GRMD rejected the counteroffer, asking to meet in person. GR Terra responded that arranging an in-person settlement meeting with GRMD would not be productive. GR Terra plans to pursue their counterclaims. GRMD is also determined to keep a dog in the fight – they voted to file a Notice to Appeal during their Sept. 15 meeting. The vote passed 2 to 1. Although this notice isn’t a formal appeal, it’s the first step in the process. 

On Nov. 2, counsel from both sides will meet to discuss the ongoing litigation. The disputes between developer and homeowners seem far from over – especially since the developers are involved in a second lawsuit with GRMD. 

Statement from JoAnn Sandifer, counsel to GR Terra and Headwaters

We are pleased with the Court’s recent orders, which recognize that GRMD had no valid basis to pursue its claims against Headwaters Metropolitan District and the other defendants.  Metropolitan Districts play a vital role in the development of necessary infrastructure and the provision of public services in Colorado, just as Headwaters has done for the residents of Granby Ranch.  Instead of working with Headwaters to enhance the Granby Ranch development, GRMD’s board decided to pursue a lawsuit that we believe lacked legal or factual foundation from the outset.  In our opinion, that decision was fueled by a handful of property owners who harbor misplaced hostility toward Headwaters and the current developer.  The litigation imposed an unnecessary burden on the Court and the defendants.  And it collectively cost the parties millions of dollars – funds that otherwise could have been devoted to continued improvement in Granby Ranch.  The taxpayers of GRMD bore a portion of that expense, funding over $400,000 for their attorneys’ fees.  Headwaters, which incurred substantial legal fees to fund its defense of the lawsuit, intends to pursue counterclaims that remain pending against GRMD as well as recovery of its attorneys’ fees.
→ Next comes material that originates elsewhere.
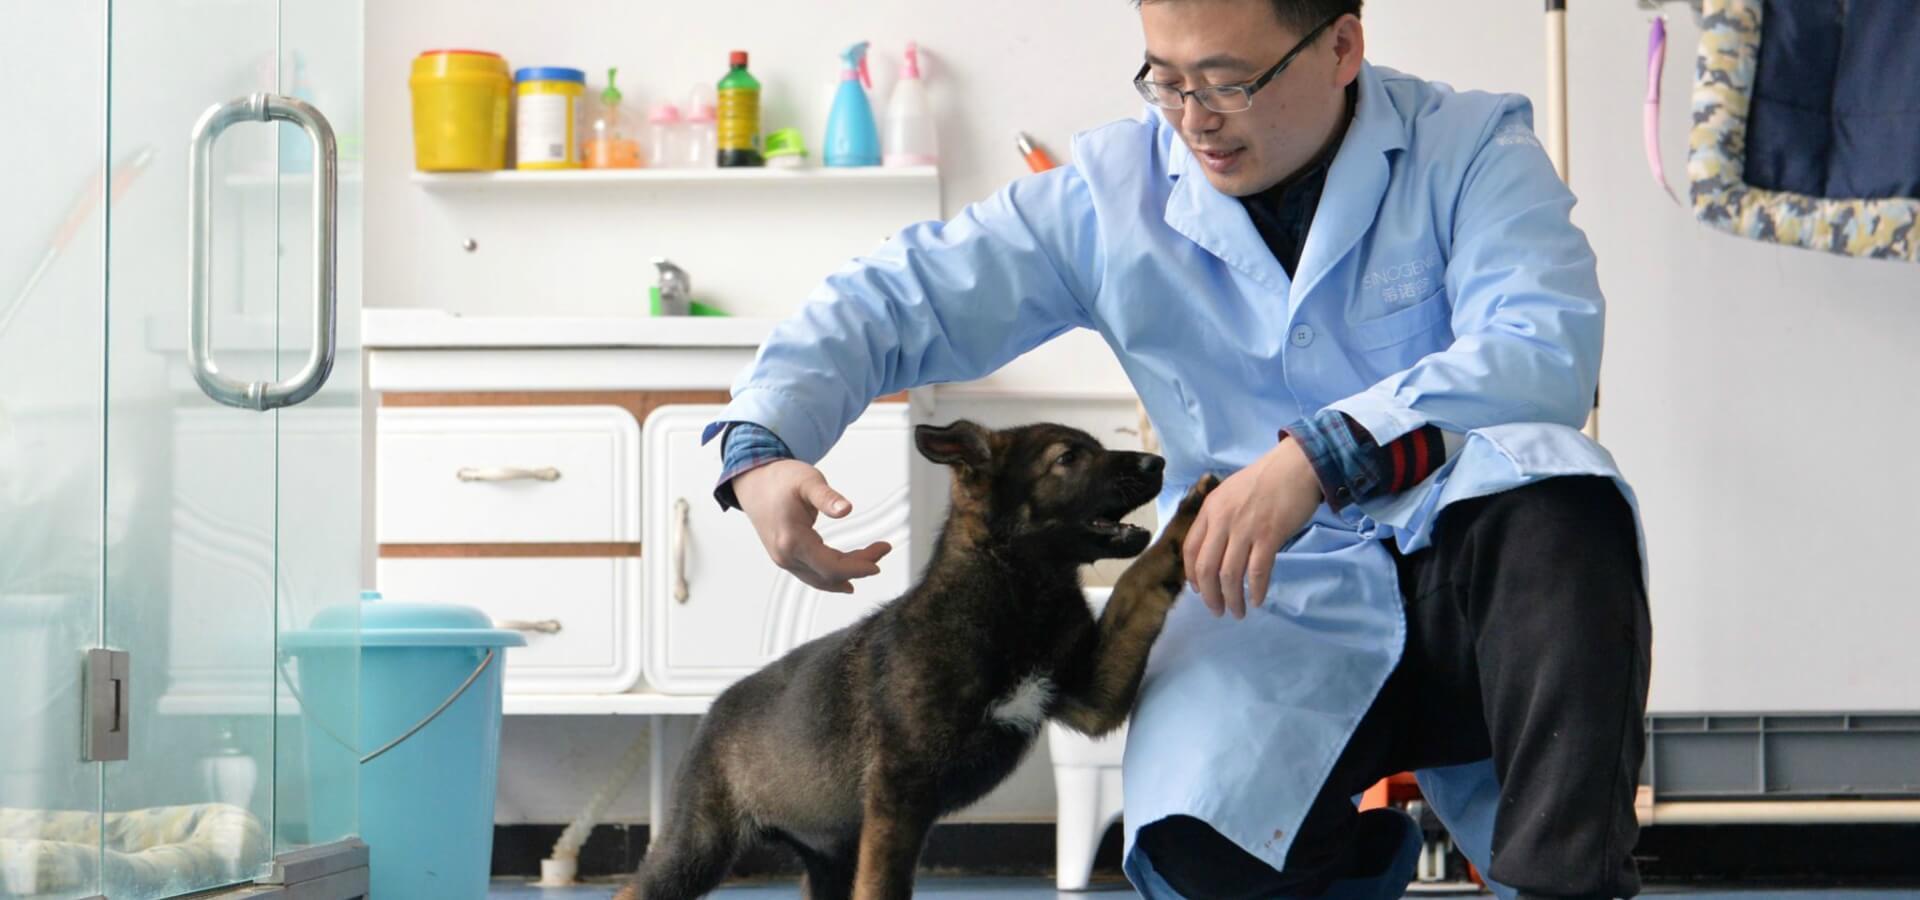 شبیه سازی سگ های پلیس در چین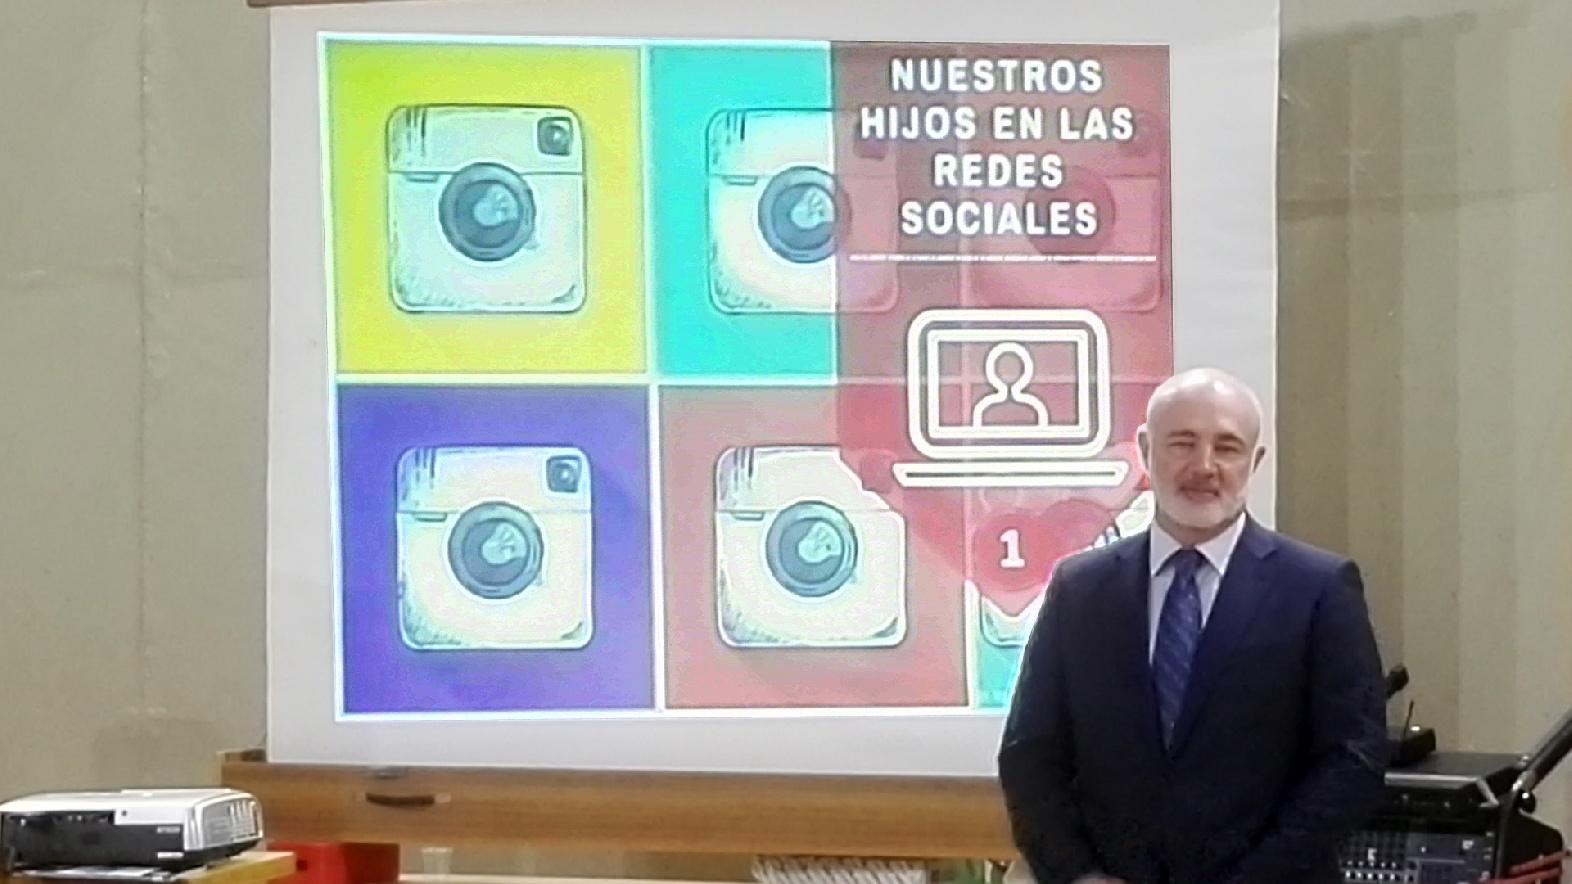 Nuestros hijos en las redes sociales: reputación digital

Statement from D. Dean Batchelder, counsel to GRMD

While the GRMD board disagrees with the Court’s July 30 orders on summary judgment, we have reached out to the other side in an attempt to resolve the litigation so that all parties can move forward amicably.  Unfortunately, our efforts to date have been rejected.  While we are hopeful that at some point there can be resolution, until then, the GRMD board will continue to fight to protect the interests of all its constituents.

Because it is unclear whether the Court’s orders are final for appeal purposes, GRMD is filing a timely Notice of Appeal to preserve its rights to appeal should a negotiated resolution not be reached among the parties.